Productivity results

Good morning!
The Department of Labor released fourth quarter productivity figures this morning.  Productivity in the U.S. rose by 6.2%.  For the whole of 2009 the DoL reported that productivity rose by 5.1%.

Analysis: Increases in productivity are my favorite economic statistic.  I consider productivity to provide insight into the ways in which people are learning to do things more efficiently.  This is the heart of economic growth and the bedrock that underlies the economy.  Productivity is measured as output per hours worked.  Output here means the dollar value of good and services a person creates.  Given that the economy as measured by GDP grew at 5.7% in the fourth quarter, and the economy is still shedding jobs, the output per hour worked had to go up – in this case by 6.2%.  So this result is not that surprising.

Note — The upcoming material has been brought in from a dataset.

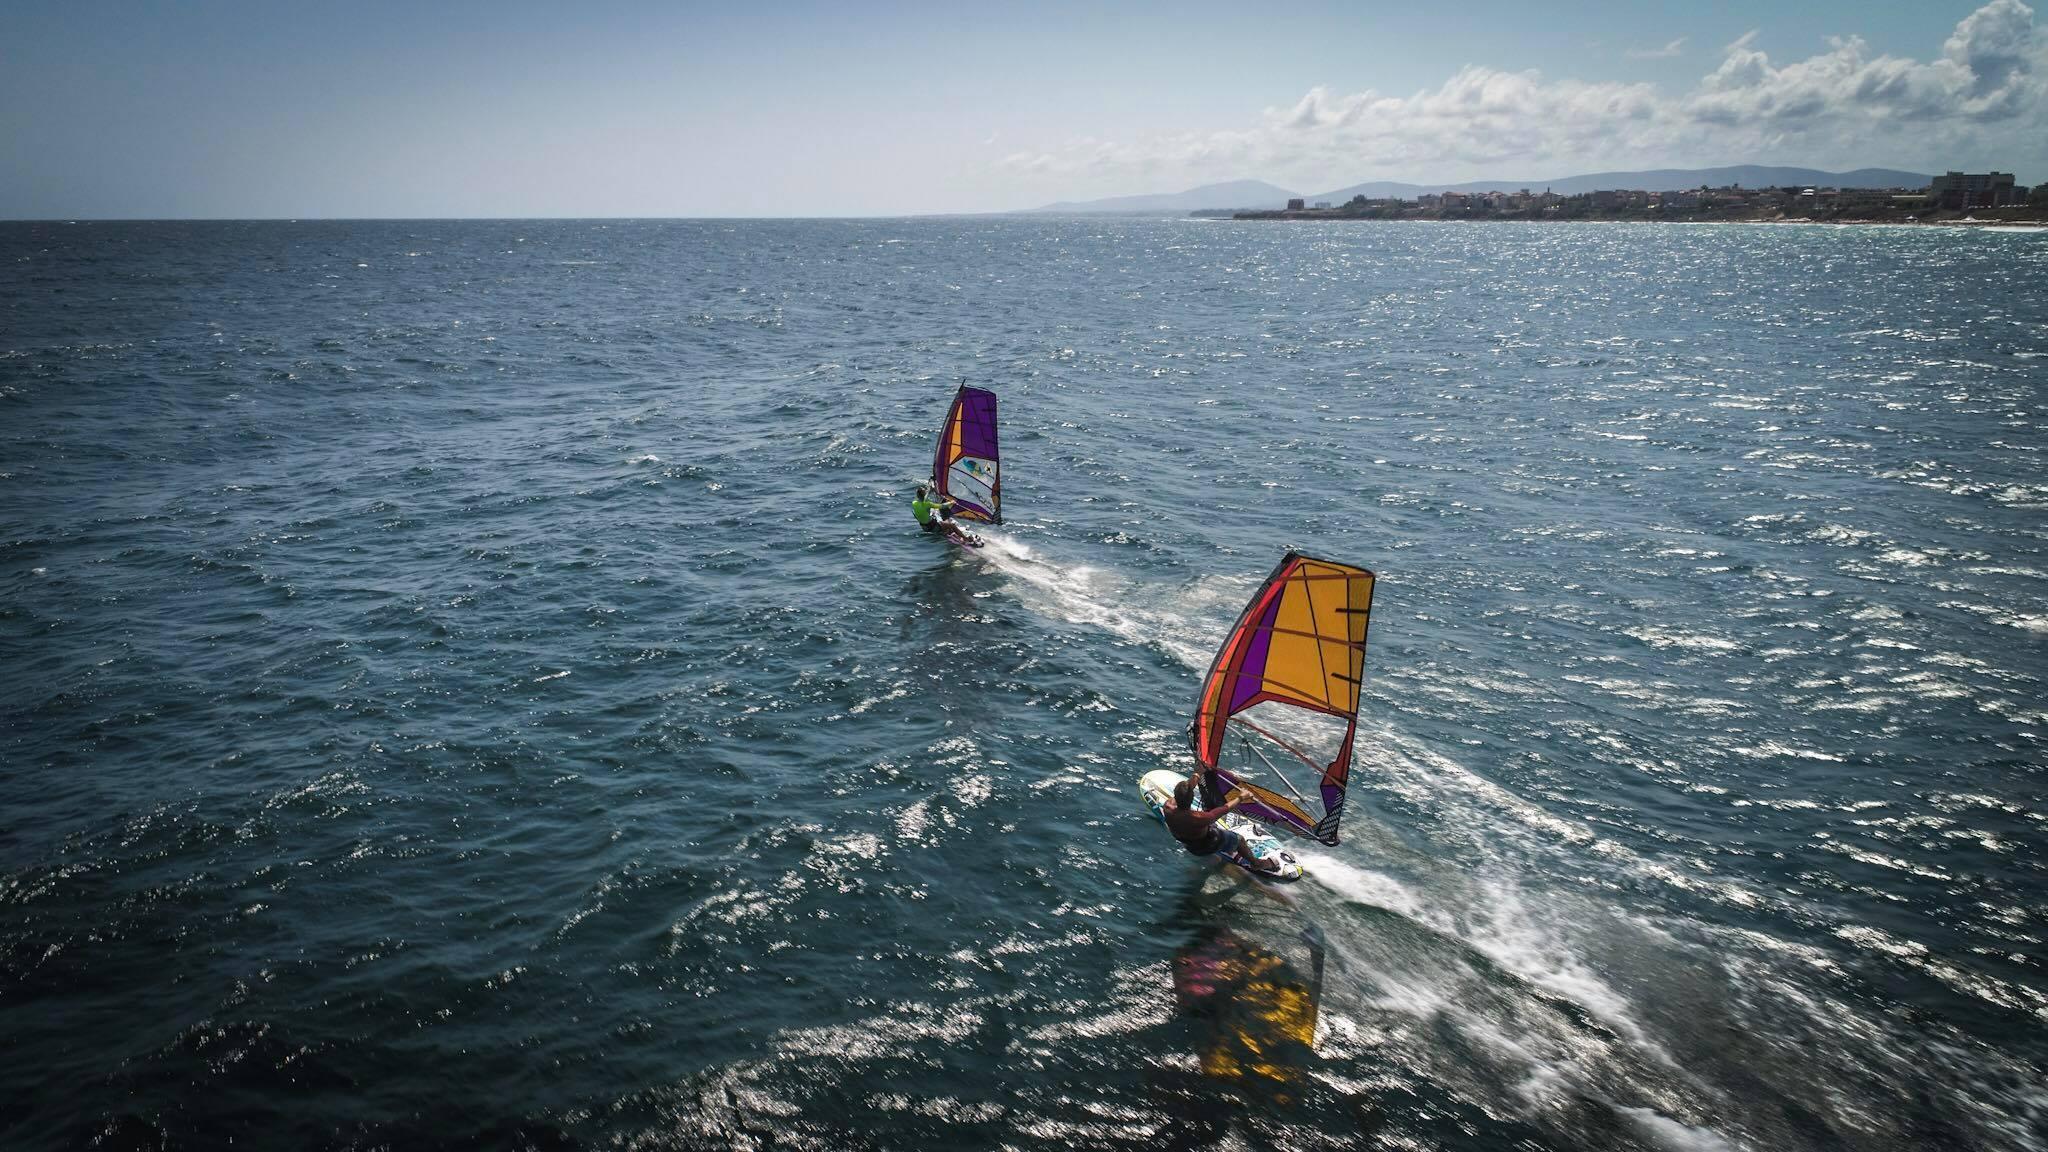 След месеци очакване и подготовка, е време морското предизвикателство WIND2WIN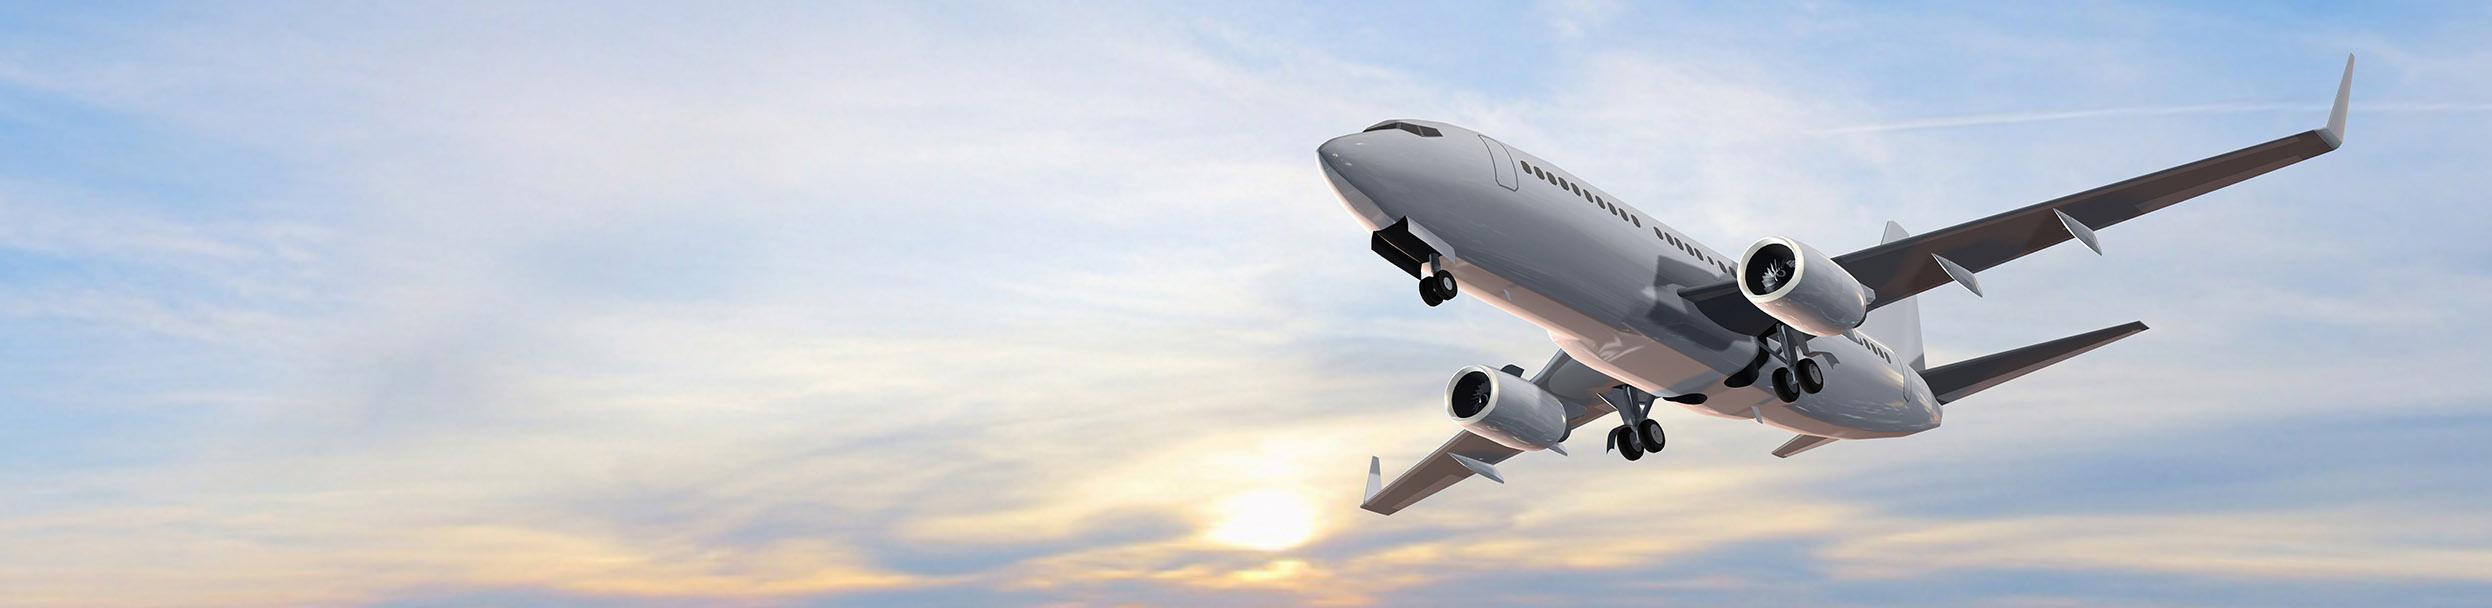 Airliner - Harverd Team

Yet, as I said last quarter, the productivity number is not repeatable in the long-term (3-5 years).  The reason is that employees that do have jobs are being worked to the bone.  Not only that, but wages are not growing, so at some point your average employee is just going to get plain tired and start to feel unappreciated.  Something has to give and that something is that businesses need to start hiring folks.  This will reduce the burden of output per employee, lower productivity, improve the employment situation, increase consumer confidence, increase consumer spending, grow the U.S. economy, etc.  Or so the domino theory goes.  Given my intuition that consumer confidence remains shaky and the new found personality of the consumer saver I am not sure if we will see the last domino for many years.  But I do know that this productivity figure is not replicable and even if it goes up it will increasingly be a measure of employee exhaustion; leading to decreases in productivity.

Importance grade: 5; in a normal period of economic growth this figure would be a 10.  But right now, the productivity measure is not really measuring real, sustainable economic growth.  Instead it is measuring the ability of business to get blood out of a stone.